(Available data):
◇ ◇ ◇ ◇ ◇ ◇ ◇
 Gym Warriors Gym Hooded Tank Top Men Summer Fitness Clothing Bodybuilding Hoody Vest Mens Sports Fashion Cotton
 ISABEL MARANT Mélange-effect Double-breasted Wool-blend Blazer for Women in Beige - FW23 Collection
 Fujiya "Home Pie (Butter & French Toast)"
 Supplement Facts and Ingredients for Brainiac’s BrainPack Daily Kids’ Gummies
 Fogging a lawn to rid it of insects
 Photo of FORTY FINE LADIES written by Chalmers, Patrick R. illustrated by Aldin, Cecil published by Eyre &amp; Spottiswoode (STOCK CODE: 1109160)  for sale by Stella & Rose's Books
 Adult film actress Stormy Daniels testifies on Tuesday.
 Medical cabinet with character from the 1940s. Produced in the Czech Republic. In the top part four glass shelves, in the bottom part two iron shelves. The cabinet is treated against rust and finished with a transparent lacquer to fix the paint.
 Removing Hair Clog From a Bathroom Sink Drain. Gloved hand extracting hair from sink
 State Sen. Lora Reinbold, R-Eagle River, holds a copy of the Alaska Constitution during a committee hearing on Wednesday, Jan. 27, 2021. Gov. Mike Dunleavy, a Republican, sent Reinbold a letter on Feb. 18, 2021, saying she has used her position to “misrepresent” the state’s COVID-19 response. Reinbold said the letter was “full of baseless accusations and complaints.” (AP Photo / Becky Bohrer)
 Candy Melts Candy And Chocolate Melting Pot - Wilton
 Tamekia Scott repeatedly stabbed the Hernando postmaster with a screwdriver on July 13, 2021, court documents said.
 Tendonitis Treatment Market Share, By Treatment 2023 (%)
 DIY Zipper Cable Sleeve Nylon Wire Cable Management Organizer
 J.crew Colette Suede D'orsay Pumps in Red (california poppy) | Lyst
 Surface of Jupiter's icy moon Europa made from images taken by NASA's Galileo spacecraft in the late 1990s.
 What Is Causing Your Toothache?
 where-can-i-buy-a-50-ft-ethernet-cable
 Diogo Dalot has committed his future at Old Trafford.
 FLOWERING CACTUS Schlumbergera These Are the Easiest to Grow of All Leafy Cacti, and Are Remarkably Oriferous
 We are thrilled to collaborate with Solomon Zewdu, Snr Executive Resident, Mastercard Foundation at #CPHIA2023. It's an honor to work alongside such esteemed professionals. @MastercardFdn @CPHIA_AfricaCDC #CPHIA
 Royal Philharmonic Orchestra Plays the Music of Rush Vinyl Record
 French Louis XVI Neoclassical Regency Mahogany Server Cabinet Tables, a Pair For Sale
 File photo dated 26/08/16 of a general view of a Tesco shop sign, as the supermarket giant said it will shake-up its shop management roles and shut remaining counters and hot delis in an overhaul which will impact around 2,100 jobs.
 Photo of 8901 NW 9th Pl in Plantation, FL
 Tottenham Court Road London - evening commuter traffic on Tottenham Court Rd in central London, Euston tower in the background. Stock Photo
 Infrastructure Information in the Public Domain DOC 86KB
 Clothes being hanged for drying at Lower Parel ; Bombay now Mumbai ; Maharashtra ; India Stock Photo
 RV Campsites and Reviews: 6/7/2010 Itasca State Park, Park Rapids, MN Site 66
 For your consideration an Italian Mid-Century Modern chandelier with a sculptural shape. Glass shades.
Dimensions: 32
◇ ◇ ◇ ◇ ◇ ◇ ◇
(How to complete this task): Please give an exact copy of the lines above, beginning with the line containing "Diogo Dalot has" and running through the line containing "Royal Philharmonic Orchestra", and of no other lines.

(Your response):
 Diogo Dalot has committed his future at Old Trafford.
 FLOWERING CACTUS Schlumbergera These Are the Easiest to Grow of All Leafy Cacti, and Are Remarkably Oriferous
 We are thrilled to collaborate with Solomon Zewdu, Snr Executive Resident, Mastercard Foundation at #CPHIA2023. It's an honor to work alongside such esteemed professionals. @MastercardFdn @CPHIA_AfricaCDC #CPHIA
 Royal Philharmonic Orchestra Plays the Music of Rush Vinyl Record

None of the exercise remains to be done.